Gholam-Ali Riyahi also said the court had overturned the further five years of internal exile in a remote area that Ganji had originally been ordered to serve after his decade in prison, the official IRNA news agency reported.
The news comes just three weeks before voters are expected to give a second term in office to President Mohammad Khatami, whose pro-reform supporters widely see Ganji as a hero.
Ganji rocked Iranian society by implicating former president Akbar Hashemi Rafsanjani, as well as former intelligence chief Ali Fallahian, in the 1998 murders of several dissidents and intellectuals.
His attorney said the appeals court had upheld the charge of disseminating propaganda "against the system" but that a battery of other convictions, including acting against state security, had been overturned.
Riyahi said he expected Ganji, who has already served 13 months in jail since his April 2000 arrest, to be released "soon."

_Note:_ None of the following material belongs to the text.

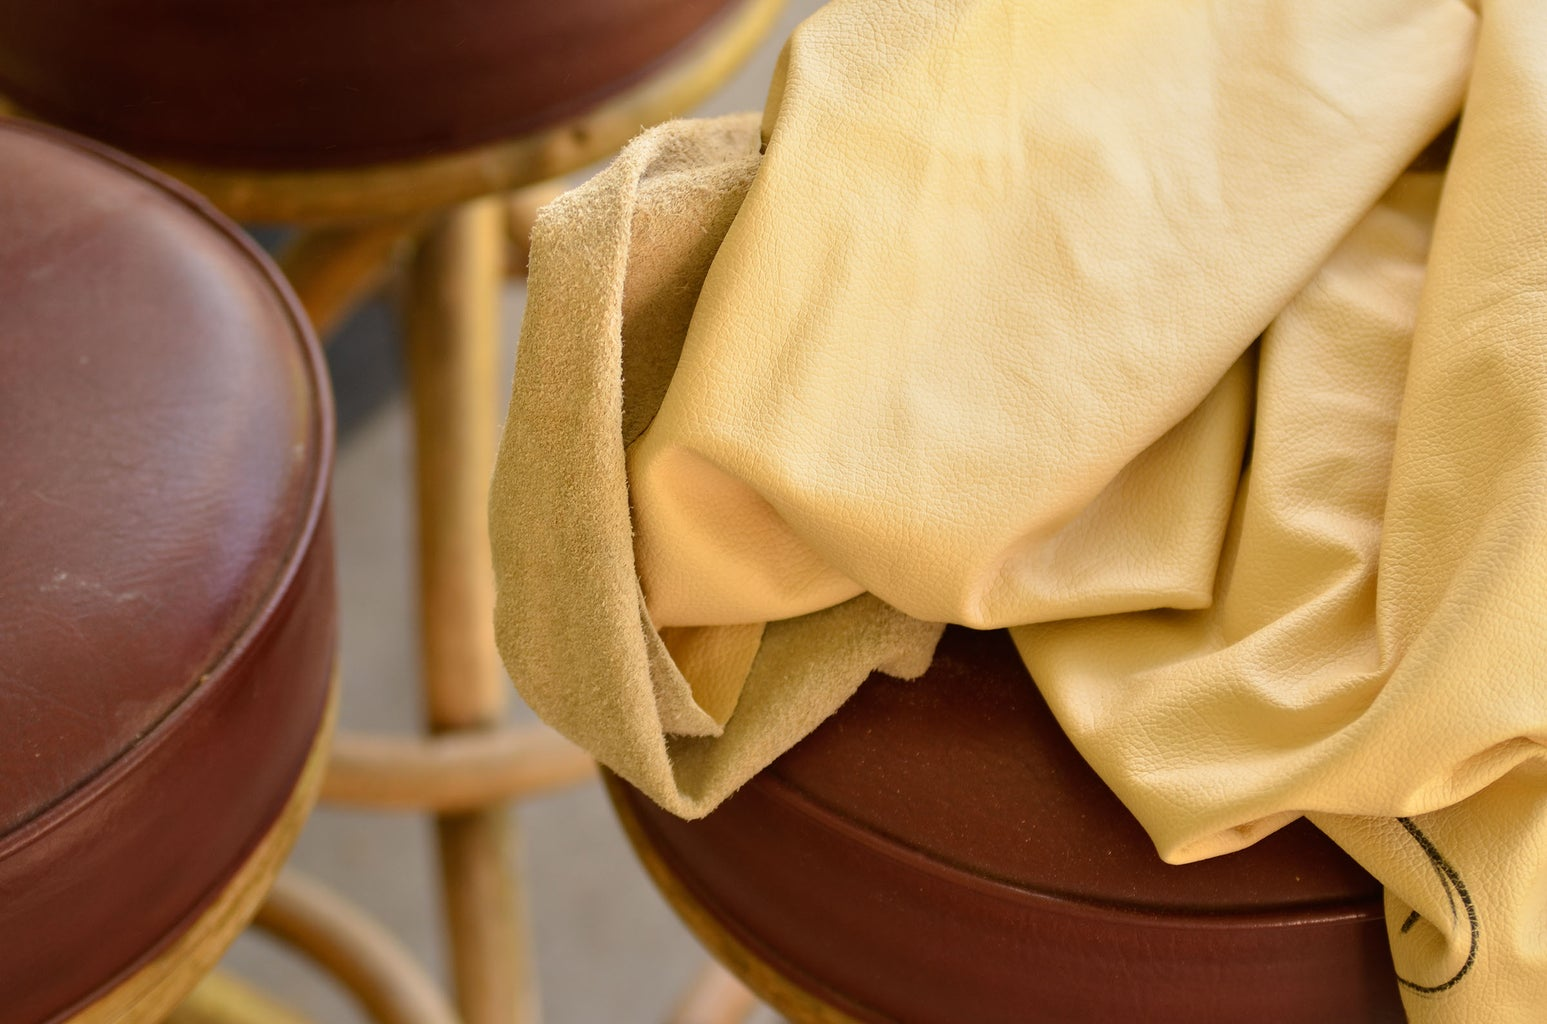 Obtain Glue, Leather, Cardboard

But a judiciary official said that Ganji was still to face trial on charges a number of charges, including defamation and publishing insults and lies, in his speeches, books and articles.
The official, who asked not to be identified, said the courts were still investigating the charges.
Ganji was imprisoned after returning from Berlin, where he attended a controversial conference on the future of reforms in Iran that sparked widespread outrage among officials here.
Tehran's revolutionary court sentenced him in January on a variety of charges, including attending the "un-Islamic" Berlin conference.
The court charged that the gathering, which was disrupted by Iran's exiled opposition, was aimed at overthrowing the Iranian clerical regime.
It had been organized by a foundation with links to Germany's Greens party, and Berlin summoned Iran's ambassador to protest after the verdicts were announced in January.
Nine other people were convicted over the conference, including Said Sadr, a translator for the German embassy in Tehran who also got a 10-year sentence.
All appealed the verdict, and there has been no word as yet on where those appeals stand.
Six other people were acquitted.
The Ganji case electrified Iran's political scene, particularly after he used a court appearance last year to directly name Fallahian, who had been identified in Ganji's writings only as the "master key" behind the killings.
The intelligence ministry acknowledged that rogue agents, two of whom were later sentenced to death, were behind the assassinations but denied that any top officials had been involved.
Said Emami, the agent named as the mastermind behind the killings, was reported to have committed suicide in prison.
Fallahian, who has presented himself as a candidate for the June 8th presidential election, has denied any role in the murders.